→ **WHAT THE TASK ASKS**
Ignoring pictures, transcribe exactly the lines between the one containing "with Francisca Medina" and the end of the material, both included.

→ **STORED DATA**
━━━━━━━━━━━━━━━━━━━━━━━━━━━━━━
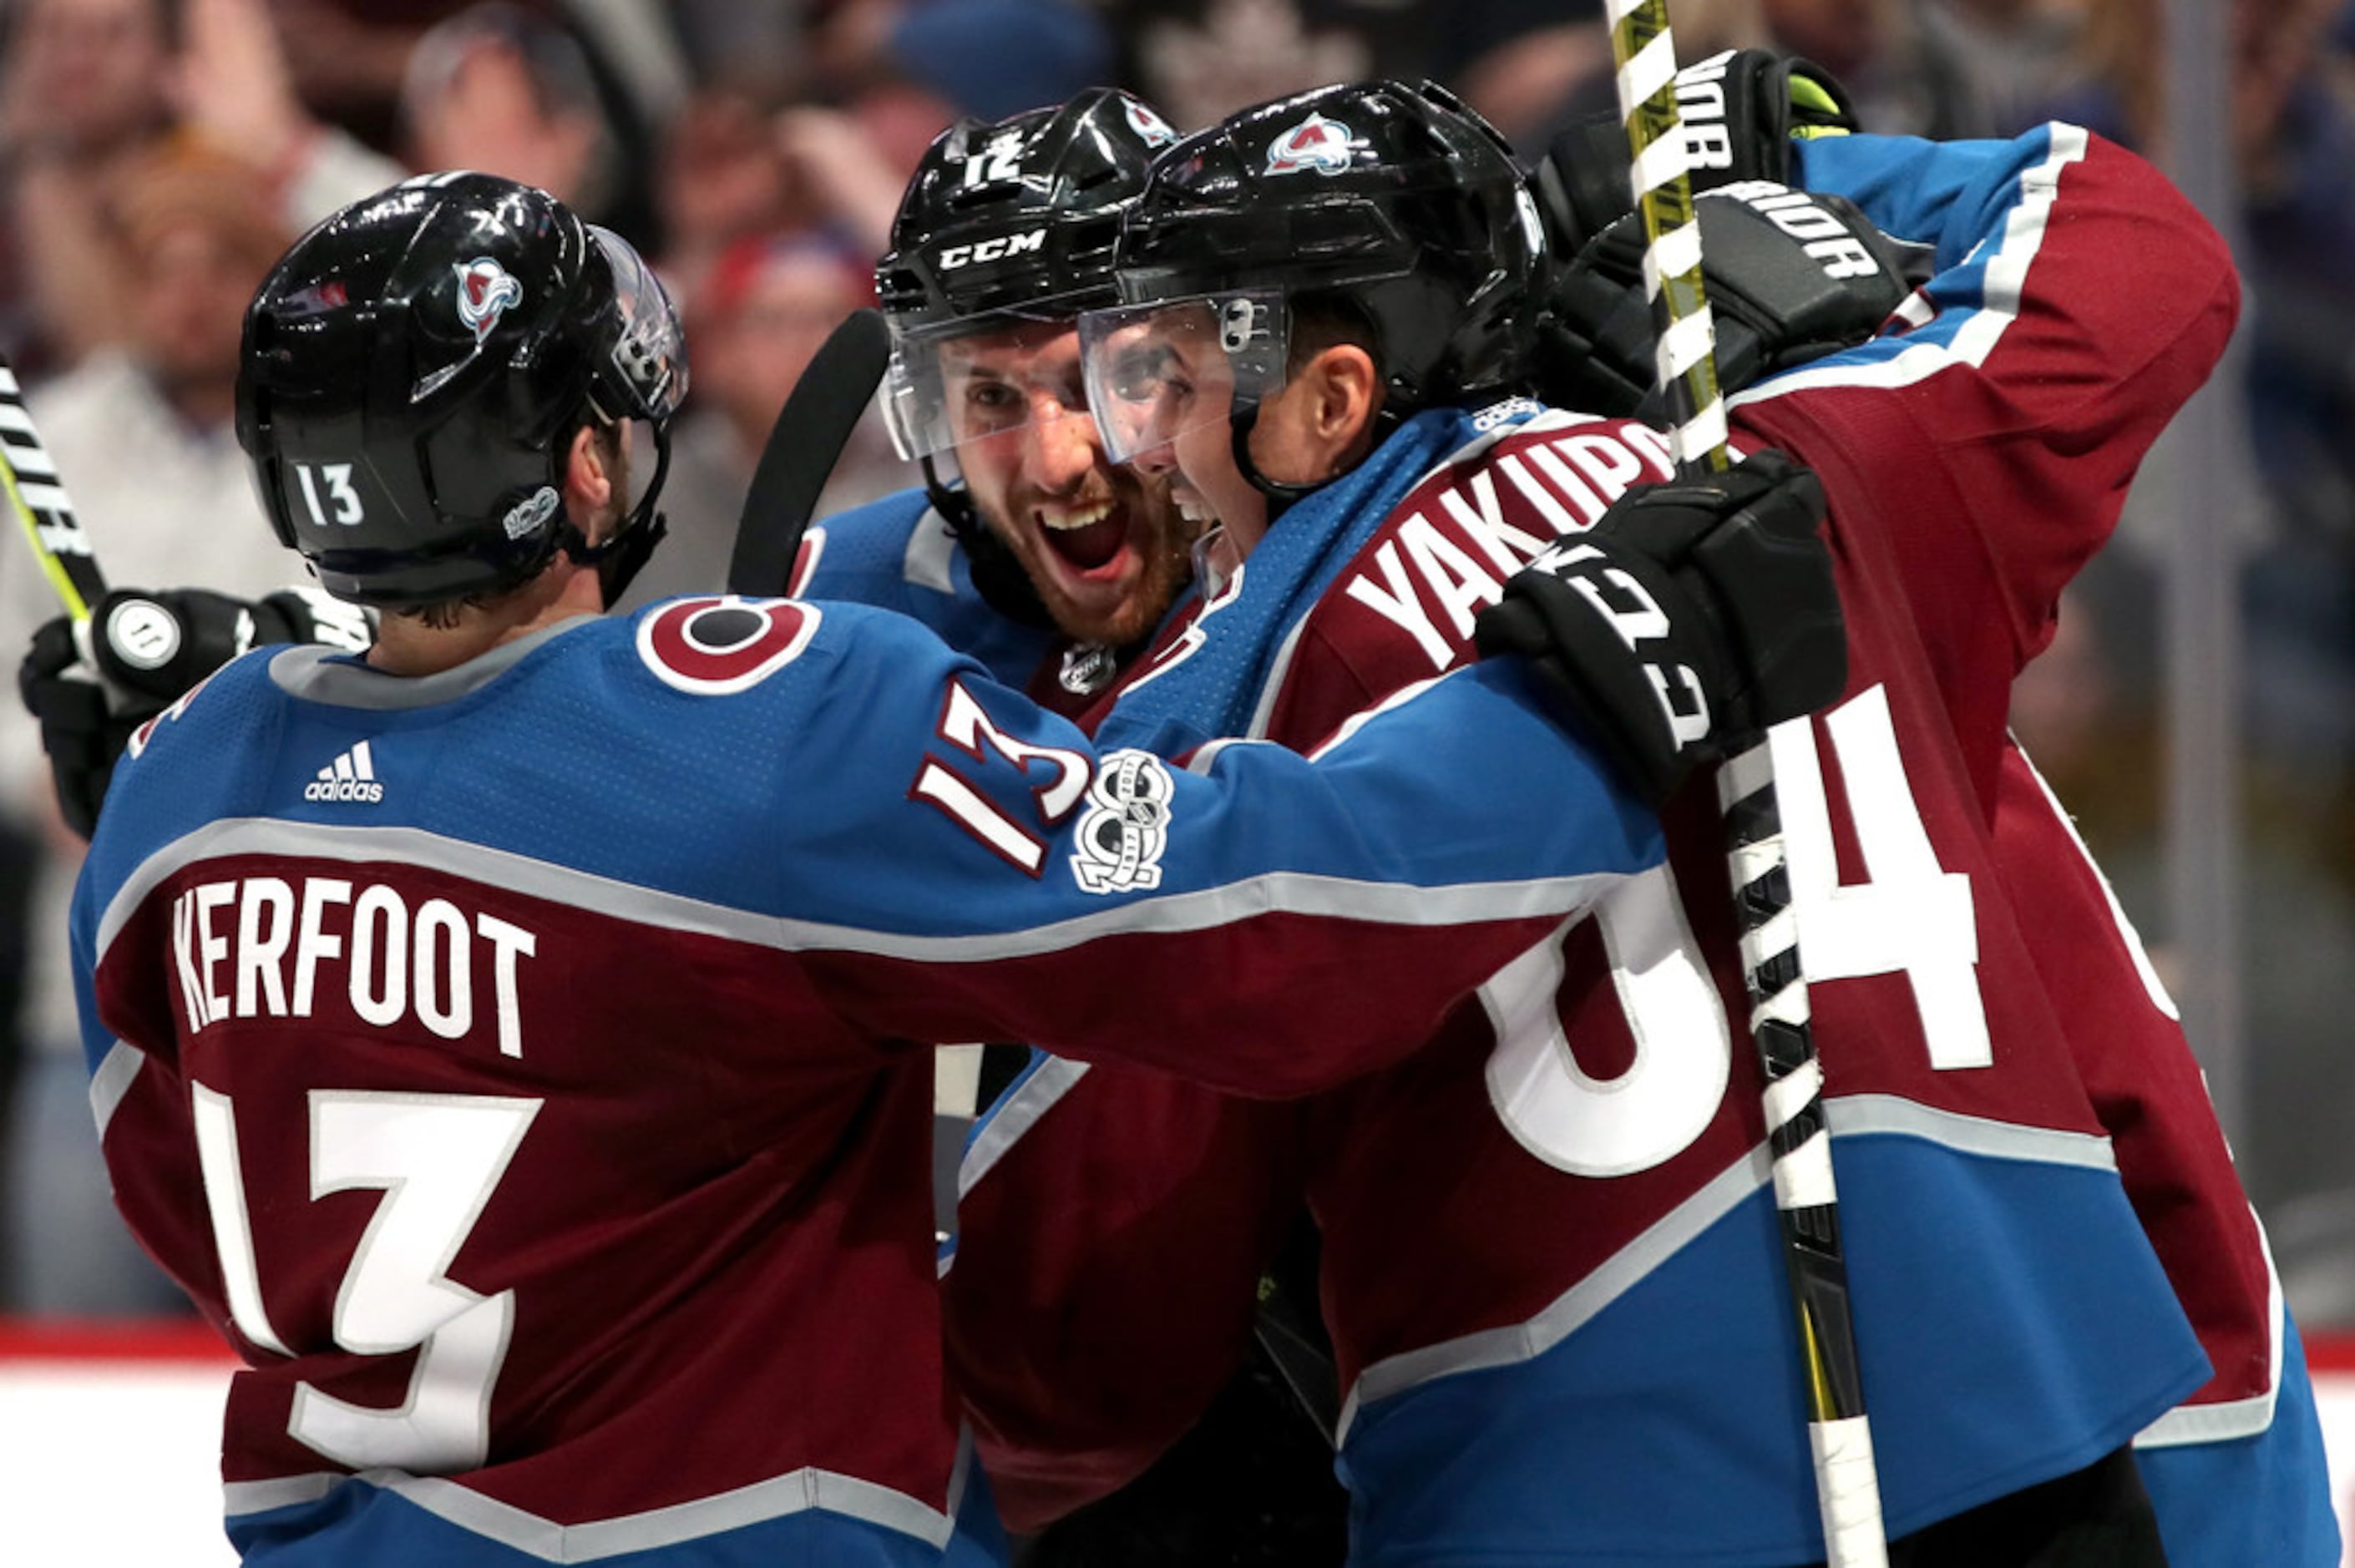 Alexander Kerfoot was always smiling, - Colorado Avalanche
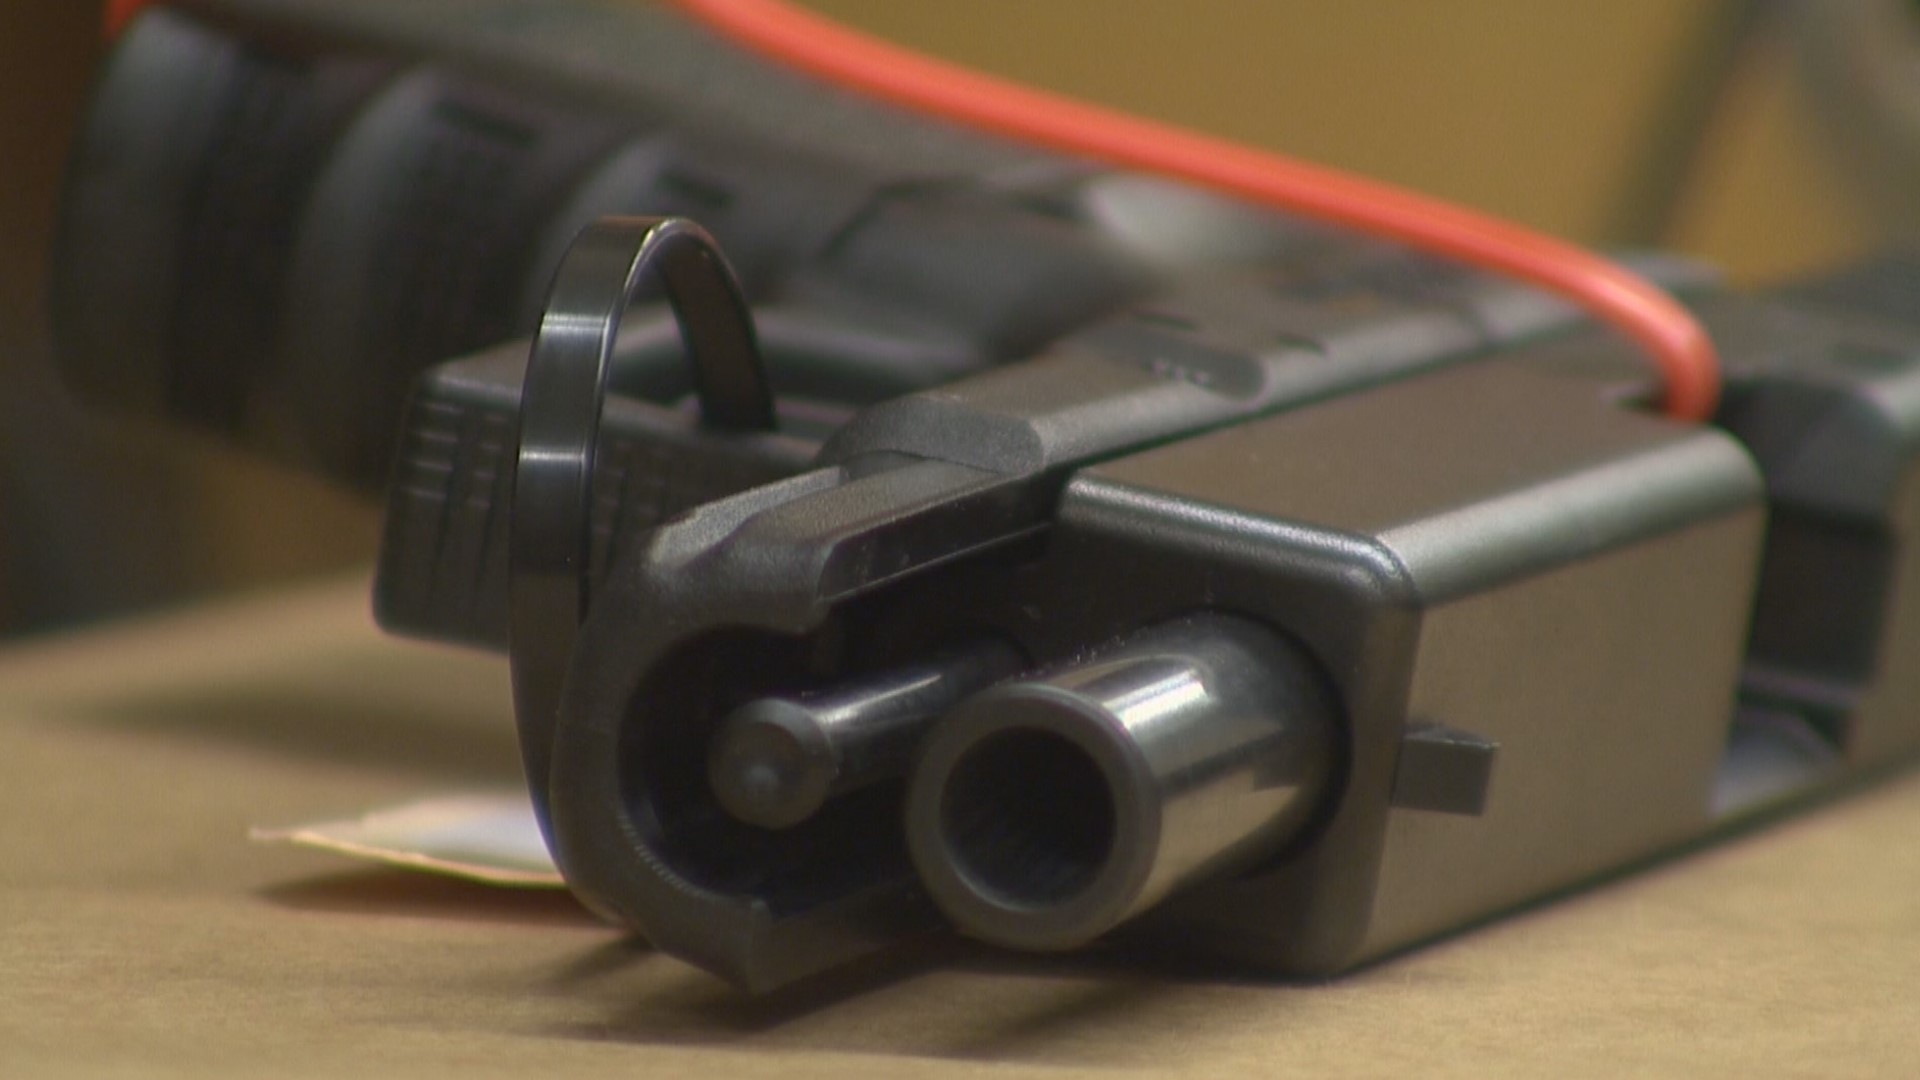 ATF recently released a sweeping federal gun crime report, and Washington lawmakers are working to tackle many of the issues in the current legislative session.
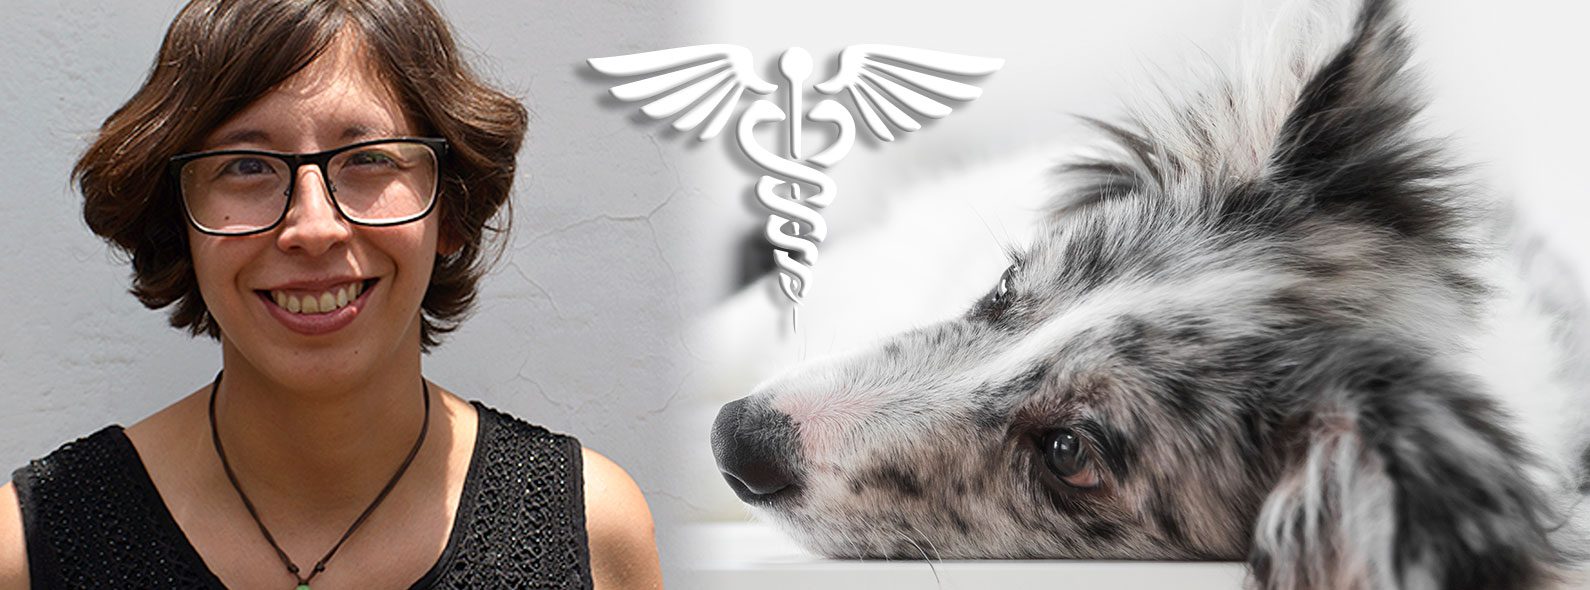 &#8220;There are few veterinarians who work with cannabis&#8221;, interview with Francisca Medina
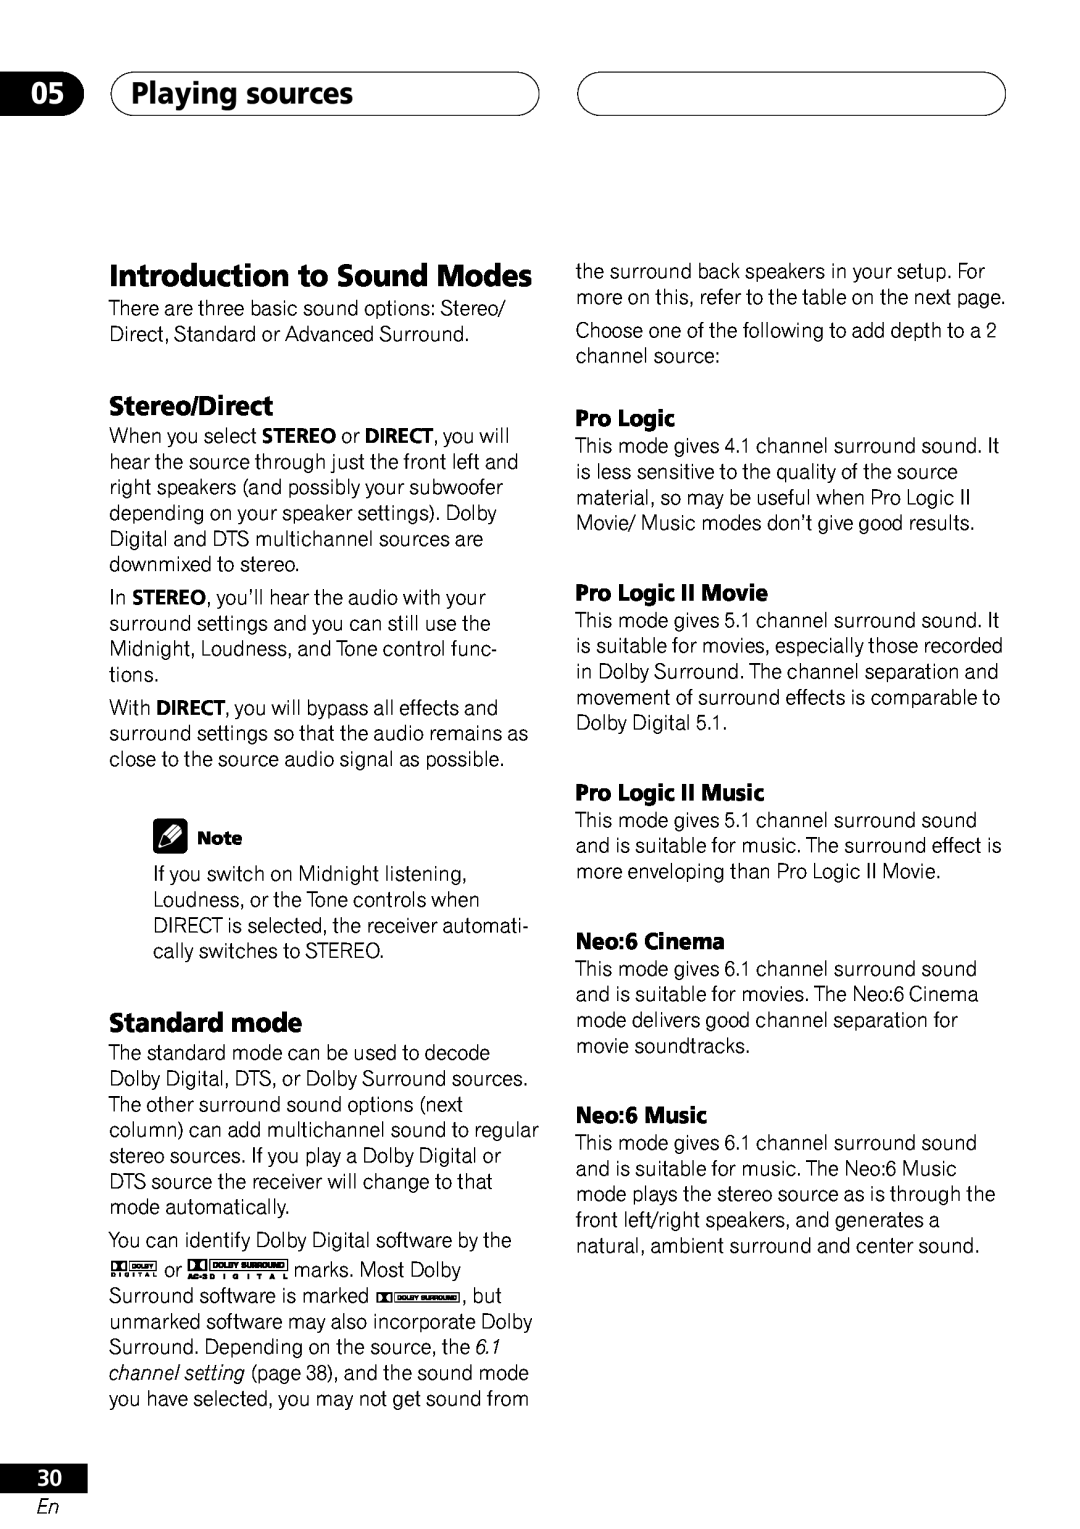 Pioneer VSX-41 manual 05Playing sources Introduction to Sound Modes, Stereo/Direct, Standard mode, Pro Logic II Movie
━━━━━━━━━━━━━━━━━━━━━━━━━━━━━━
→ **EXERCISE RESULT**
 &#8220;There are few veterinarians who work with cannabis&#8221;, interview with Francisca Medina
 Pioneer VSX-41 manual 05Playing sources Introduction to Sound Modes, Stereo/Direct, Standard mode, Pro Logic II Movie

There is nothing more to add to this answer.